2.19 Non-solicitation

During the engagement and for 12 months thereafter, you will not solicit for employment any Orbit personnel who worked on your account, except via general, non-targeted advertisements.

2.20 Force majeure

Neither party is liable for delays or failures caused by events beyond reasonable control (e.g., internet or platform outages, governmental actions, disasters, labour disputes).

2.21 Assignment

Neither party may assign the Agreement without the other’s consent, except to an affiliate or in connection with a merger, acquisition, or sale of substantially all assets, provided the assignee assumes the Agreement.

2.22 Notices

Notices must be in writing and sent to the addresses in the Order with a copy to legal at the addresses below. Email is acceptable for routine notices.
Orbit notices: info@orbitaccountants.com; 361, 150 King St West, Toronto, ON M5H 1J9.

2.23 Governing law; venue

The Agreement is governed by the laws of Ontario and the federal laws of Canada applicable therein. The parties submit to the exclusive jurisdiction of courts in Toronto, Ontario.

2.24 Entire agreement; severability; waivers

The Agreement is the entire agreement. If any part is unenforceable, the remainder remains in effect. A waiver must be in writing and does not apply to future breaches.

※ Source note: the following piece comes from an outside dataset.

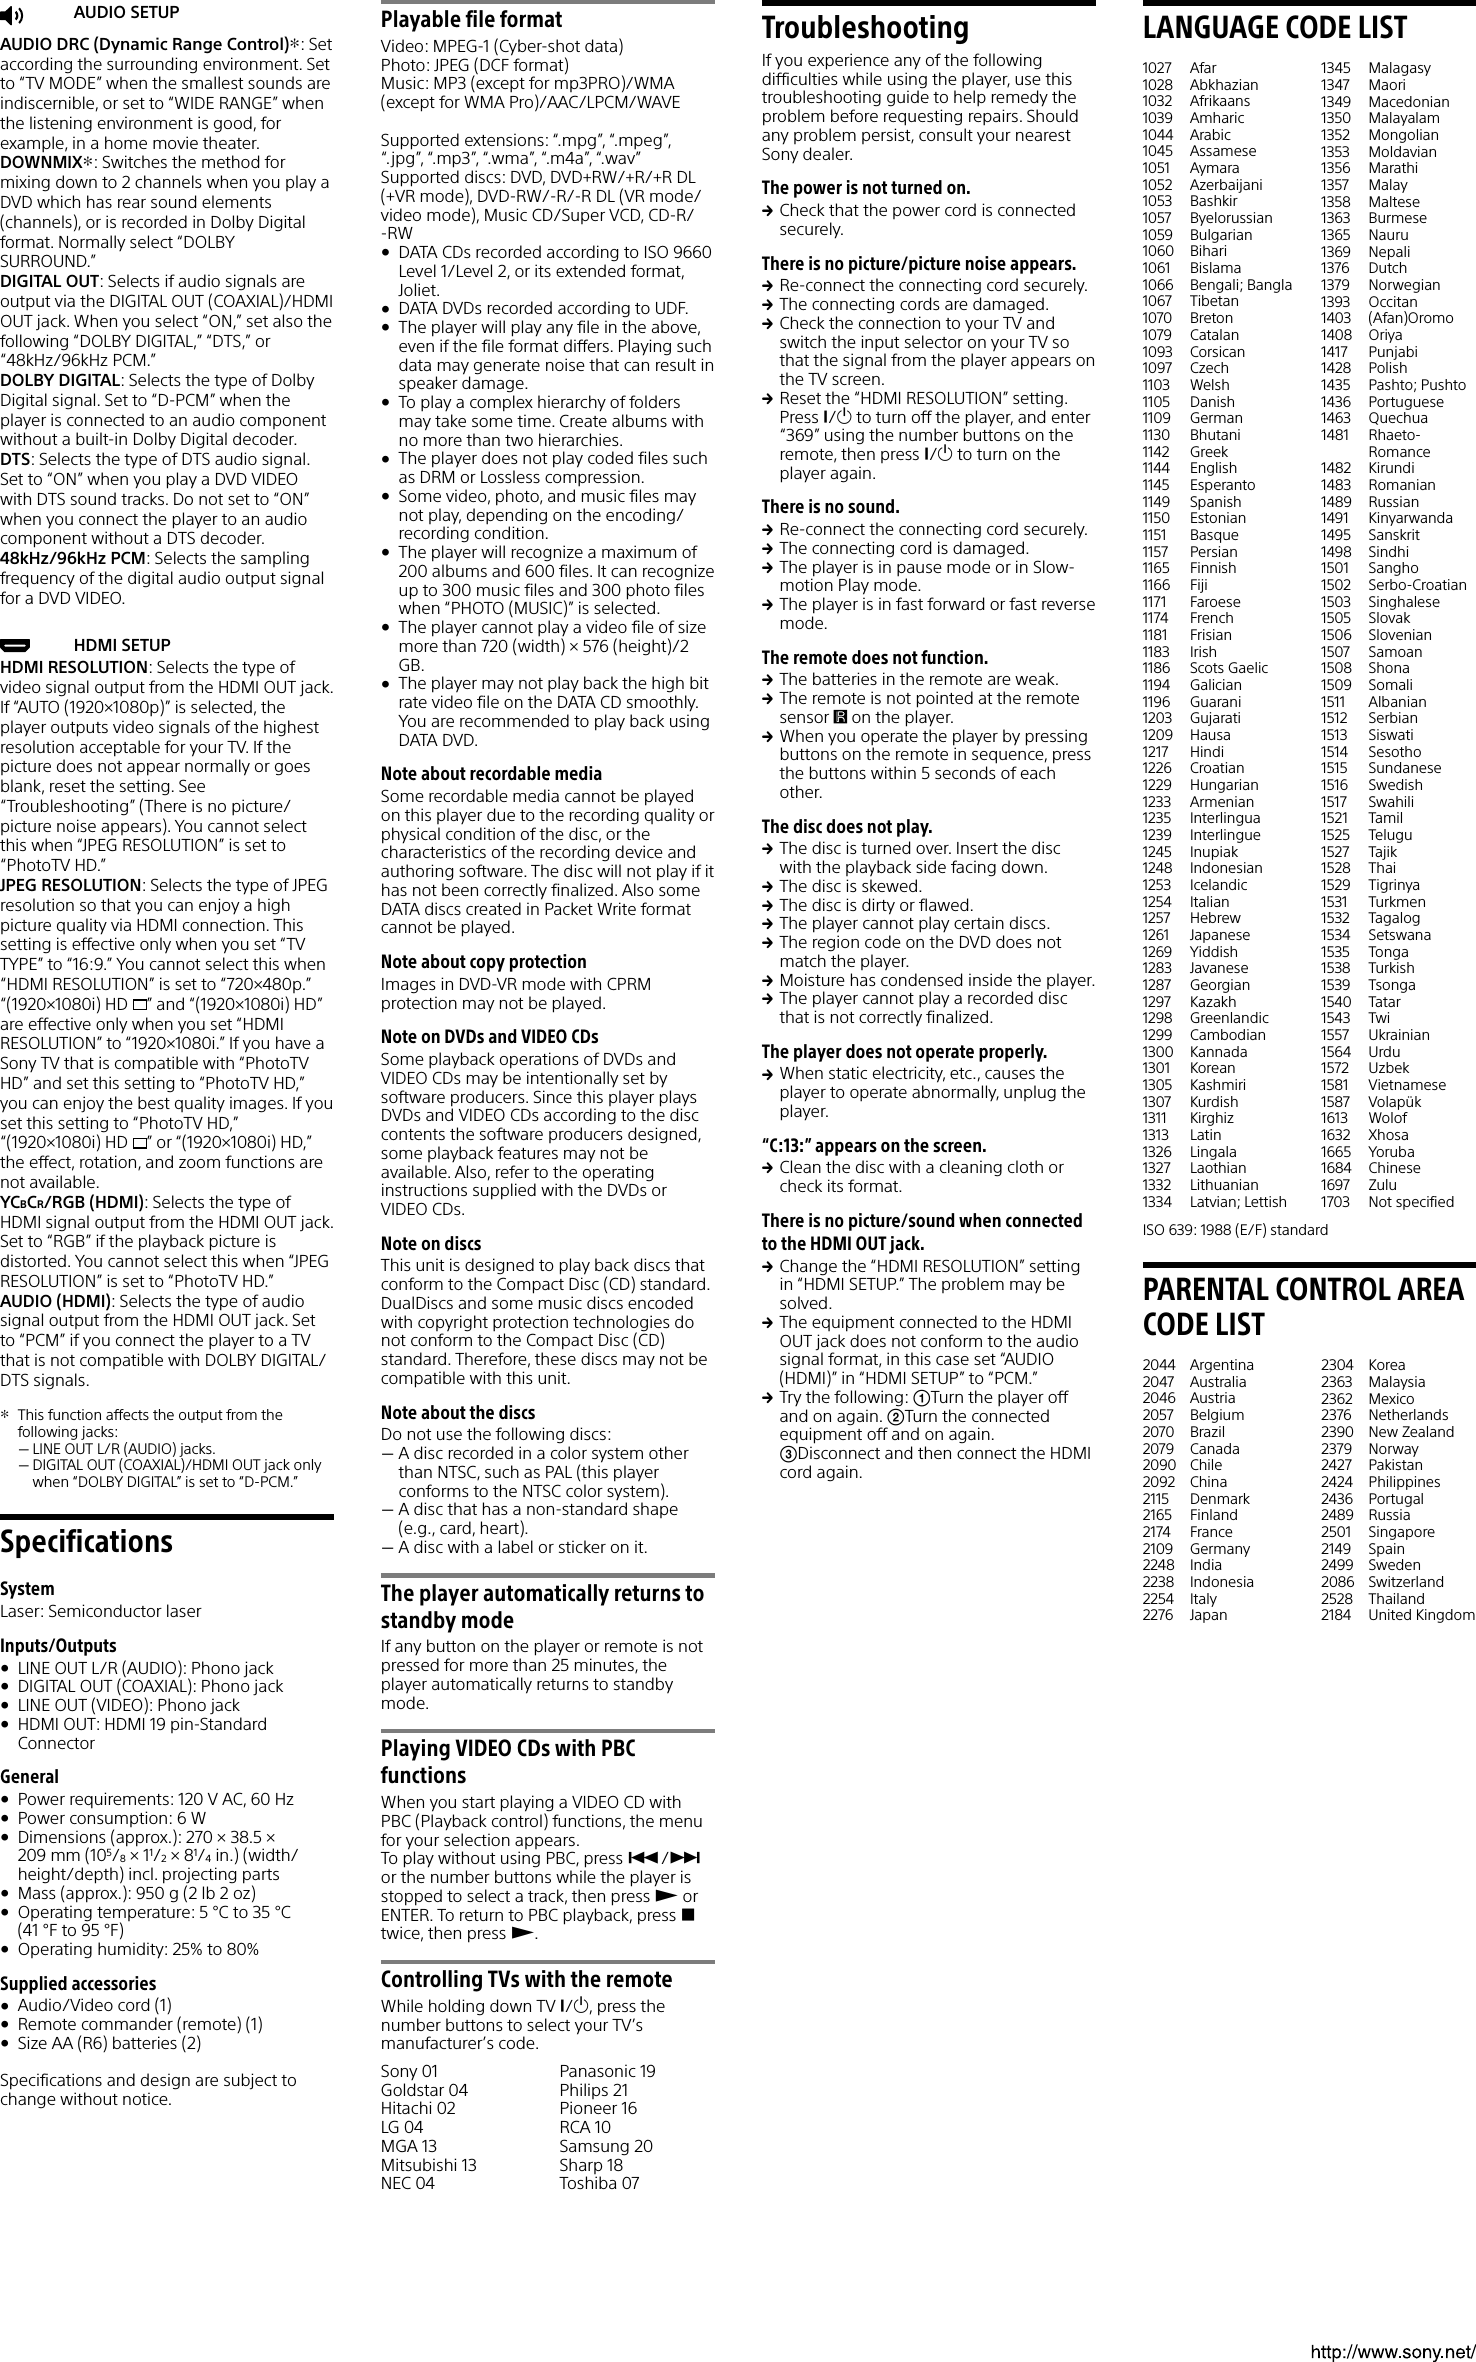 Page 2 of 2 - Sony DVP-SR510H User Manual Reference Guide DVPSR510H Refguide

3. Cookie & Tracking Policy 

Last updated: September, 2025

3.1 What this policy covers

This policy explains how we use cookies, pixels, local storage, and SDKs on the Site, including Google Analytics 4 (GA4) and Matomo.

3.2 Categories of tracking technologies

  • Strictly necessary: site security, basic routing, session management.
  • Functional: remember preferences.
  • Analytics: GA4 and Matomo to measure usage and improve the Site.
  • Advertising: Not used by Orbit on the Site at this time.

3.3 Analytics tools

  • GA4: configured to minimize personal data; IP addresses are not stored/logged by GA4; retention controls are enabled.
  • Matomo: configured with privacy controls (e.g., IP masking). 

3.4 Your choices

  • You can manage cookies via your browser settings. Blocking cookies may impact Site functionality.
  • Opt-out links may be provided where applicable. You can also contact us to discuss options.

3.5 Retention

See Appendix B for typical retention periods for analytics data; exact durations depend on tool configuration.